ACE sometimes gives negative Maximal Correlation values
Maximal Correlation (MC) values should always be between 0 and 1. However, when I calculate the MC values of x1 and x2 with y for values of x1 = [ 1., 2., 3., 4., 5., 6., 7., 8., 9., 10.] x2 = [ 2., 5., 9., 7., 4., 8., 1., 6., 3., 10.] y = [ 3., 9., 11., 8., 4., 15., 14., 20., 30., 32.] I get a negative MC between x2 and y.

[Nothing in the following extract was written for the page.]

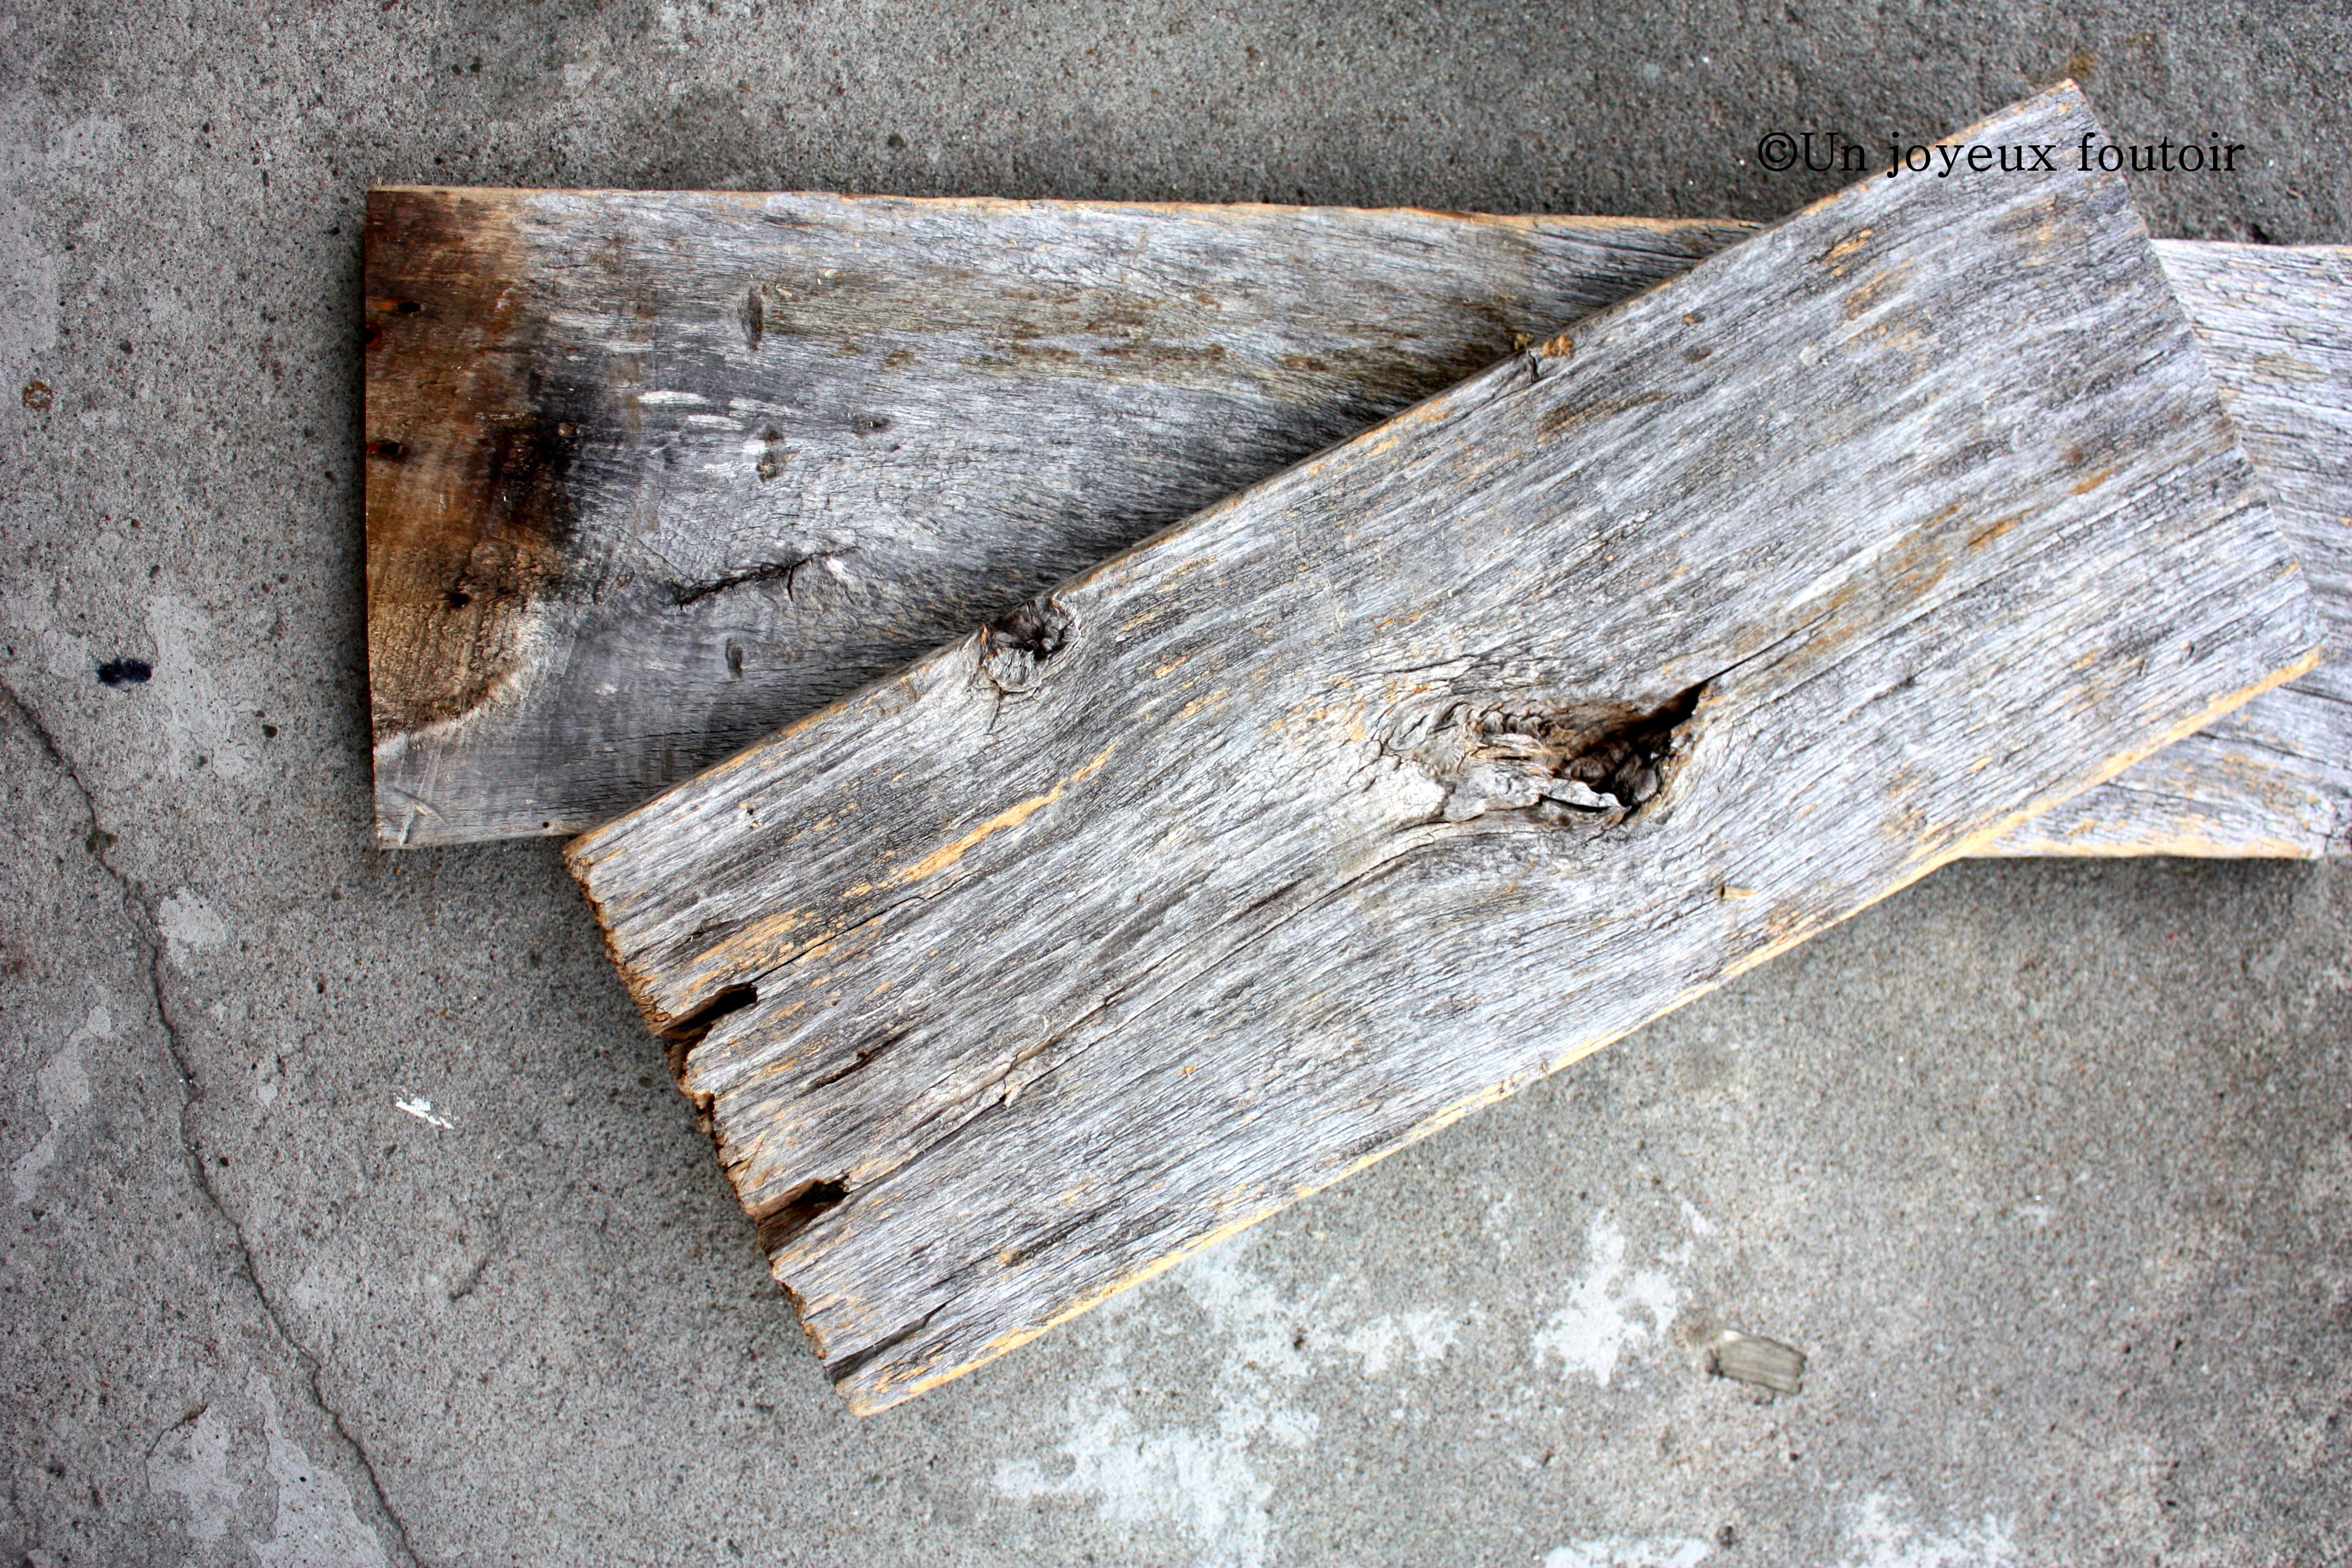 bois de grange Un joyeux foutoir

Running the same problem using the R library acepack yields an MC value within the proper range.
Python calculation:
def ACE(x, y):
'''
Output MCs: Maximal Correlations (MCs) for each variable x
Input x: list of 1D numpy arrays, one for each input variable
Input y: 1D numpy array of responses
'''
ace_solver = ace.ACESolver()
ace_solver.specify_data_set(x, y)
ace_solver.solve()
MCs = [] # mutual correlations
for i in range(len(x)):
(MC, Pval) = stats.pearsonr( ace_solver.x_transforms[i], ace_solver.y_transform )
MCs.append( MC )
return(MCs)
from ace import ace
from scipy import stats
import numpy as np
x = [np.array([ 1., 2., 3., 4., 5., 6., 7., 8., 9., 10.]), np.array([ 2., 5., 9., 7., 4., 8., 1., 6., 3., 10.])]

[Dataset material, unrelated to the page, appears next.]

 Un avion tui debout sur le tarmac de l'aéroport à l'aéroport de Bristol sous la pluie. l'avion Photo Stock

y = np.array([ 3., 9., 11., 8., 4., 15., 14., 20., 30., 32.])
MCs = ACE(x, y)
print('MCs = ', MCs)
yields
MCs = [0.9523, -0.0577]
Meaning the Maximal Correlation value between x2 and y is -0.058.
R acepack calculation:
library(acepack)
x1 = 1:10
x2 = c(2., 5., 9., 7., 4., 8., 1., 6., 3., 10.)
x <- cbind(x1, x2)
y = c( 3., 9., 11., 8., 4., 15., 14., 20., 30., 32.)
ace_model = ace(x, y)
MC = cor(ace_model$tx, ace_model$ty)
yields MC values of
x1 0.9427068
x2 0.3442552
Giving a positive Maximal Correlation value between x2 and y of 0.344
Thanks, great report. That is indeed a defect. I'll look into it.